There’s always been a tension between markets and democracy,
which market fundamentalists like Friedman sought to elide with brazen
statements about ‘Capitalism and Freedom’ that neatly conflate economic and
political freedom, as if one necessarily and sufficiently underpinned the
other. For the neo-liberal economists who underplay the normative aspect of
their ‘discipline’ issues of positive freedom are sidelined; the ‘freedom’ that
matters is the ‘negative’ freedom from interference by government, with little
recognition of the fact that without certain guarantees that can only be
enforced by the democratic state (access to education, healthcare, pensions and
social security) the ‘freedom’ on offer to individuals without any power in the
market is likely to be nasty, brutish and short.
The general trajectory offered by apologists of market dogma
is that the excessive inequalities produced through capitalist enterprise are
temporary, and that the great improvements in the lives of the majority in
capitalist societies prove the efficacy of free markets. But this offers a
complete misreading of economic history. As Ha-Joon Chang has eloquently
documented, it was only in states with strong and active government that
capitalism could prosper, and it was only in states where the democratic
process could tame the more extreme tendencies of <em>laissez-faire</em>
that the benefits of capitalism began to be shared through the provision of
public services, rising median wages and pensions.
As the power of corporations grew, ‘free markets’ led
inexorably to oligopoly, culminating in the ‘Gilded Age’ of excessive and accelerating
inequality, and Depression; capitalism started to collapse and had to be
rescued by massive government intervention causing a reset in the democratic
deficit. As a result, for a short
post-war period, a balance (or stand-off) between the dictates of ‘free markets’
and democratic government acting to promote equality of opportunity resulted in
a reversal of the trend to the polarization of income and wealth and a
consequent increase in social mobility, with improved access to education and
healthcare and a more adequate level of social security.
But this period of social democracy became a victim of its
own success, encouraging a belief that markets would now provide the sort of
protections only government had hitherto guaranteed. The super-rich fought back
under the cover of a neo-liberal ideology that promised ‘Capitalism and
Freedom’ – since which time capitalism in its red-in-tooth-and-claw ‘free
market’ interpretation has been unleashed, governments stacked with politicians
looking for post-parliamentary sinecures have been willingly complicit and the
regulatory system duly captured, tied and bound and dumped in a shallow grave.
In truth, Hayek’s ‘Road to Serfdom’ had a fork in it. One
way led to authoritarian, over-powerful government, but the other, the path
Hayek ignored, led inexorably to concentrations of wealth and political power
which have their own feedback loop resulting in oligopoly.

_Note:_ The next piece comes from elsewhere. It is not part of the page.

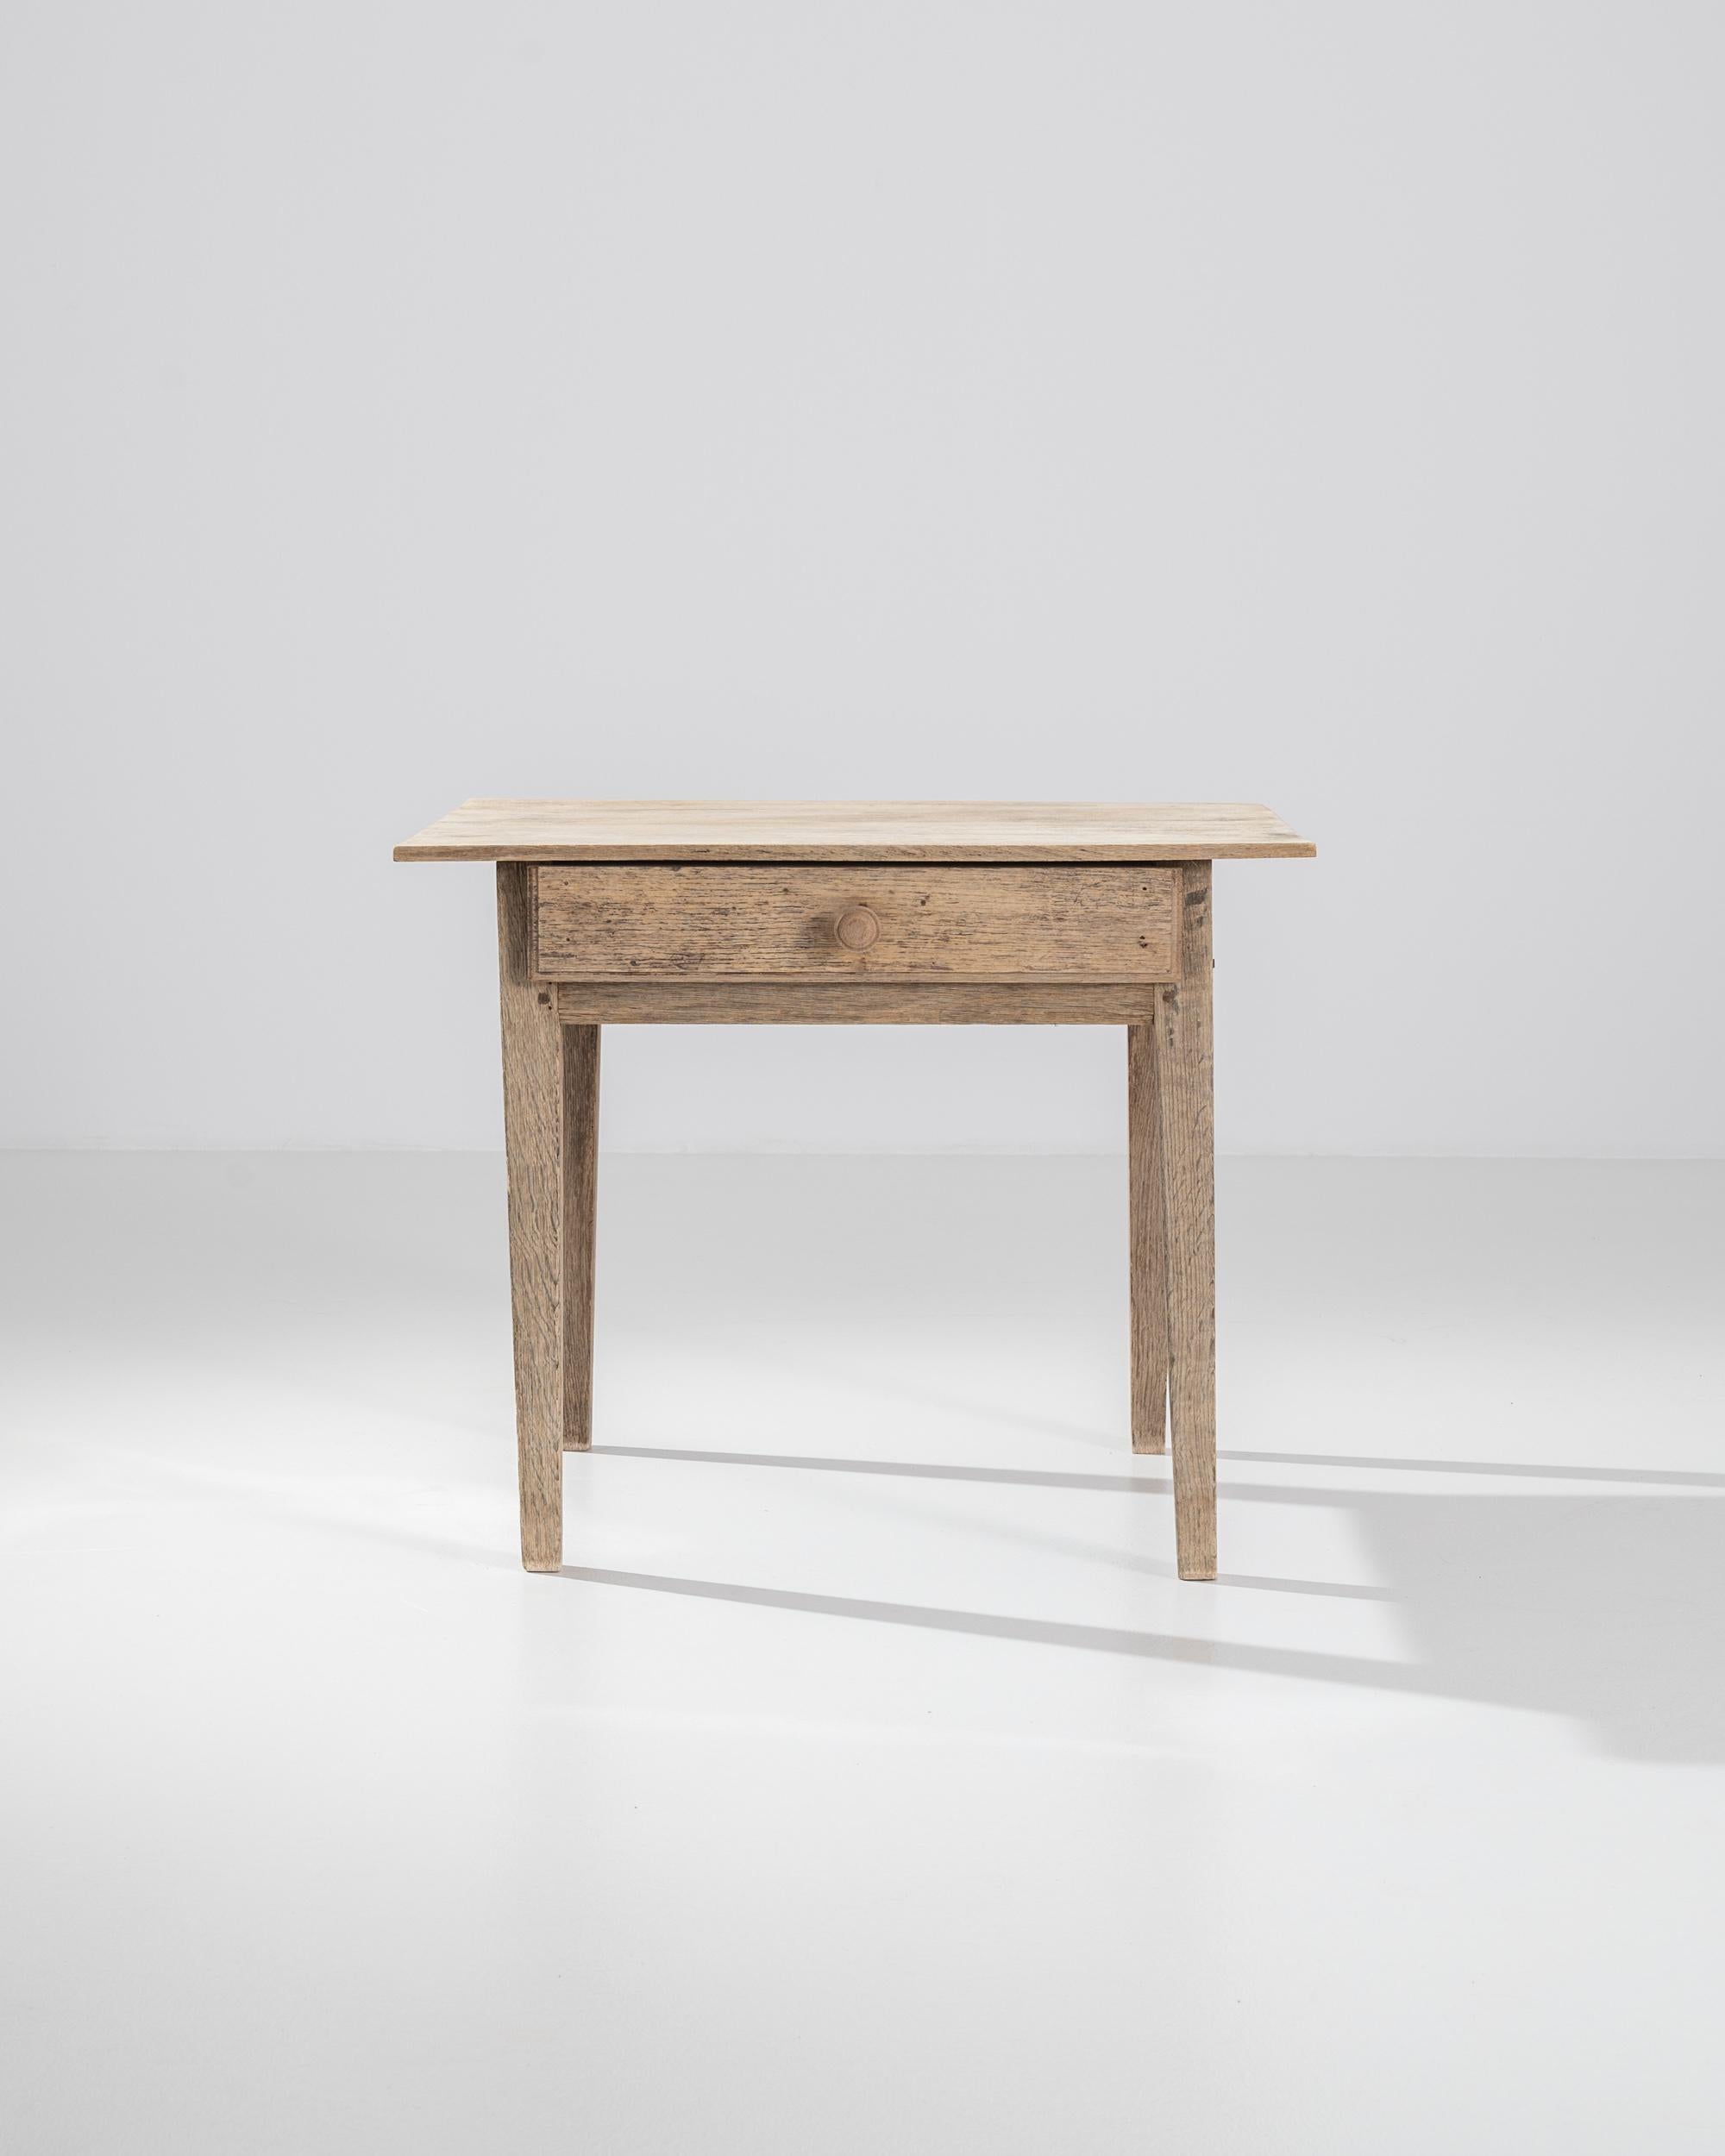 Crafted in France in the 19th Century, this oaken table has managed to capture the essential charm of necessity. Rather than the perfection of machine made geometry, this handmade piece stands with the swagger of authenticity, rejecting the

So, in place of parliamentary democracy with
one-person-one-vote, we have the democracy of the market, where the oligarchs,
through the mechanism of the ‘invisible hand’ can vote according to their bank
balances – hence the trashing of the public sector and the privatization of
anything of value – with a gun to the head of any government that objects. Our
parliaments have little influence on the conduct of policy conducted behind
closed doors by technocrats working to the neo-liberal agenda.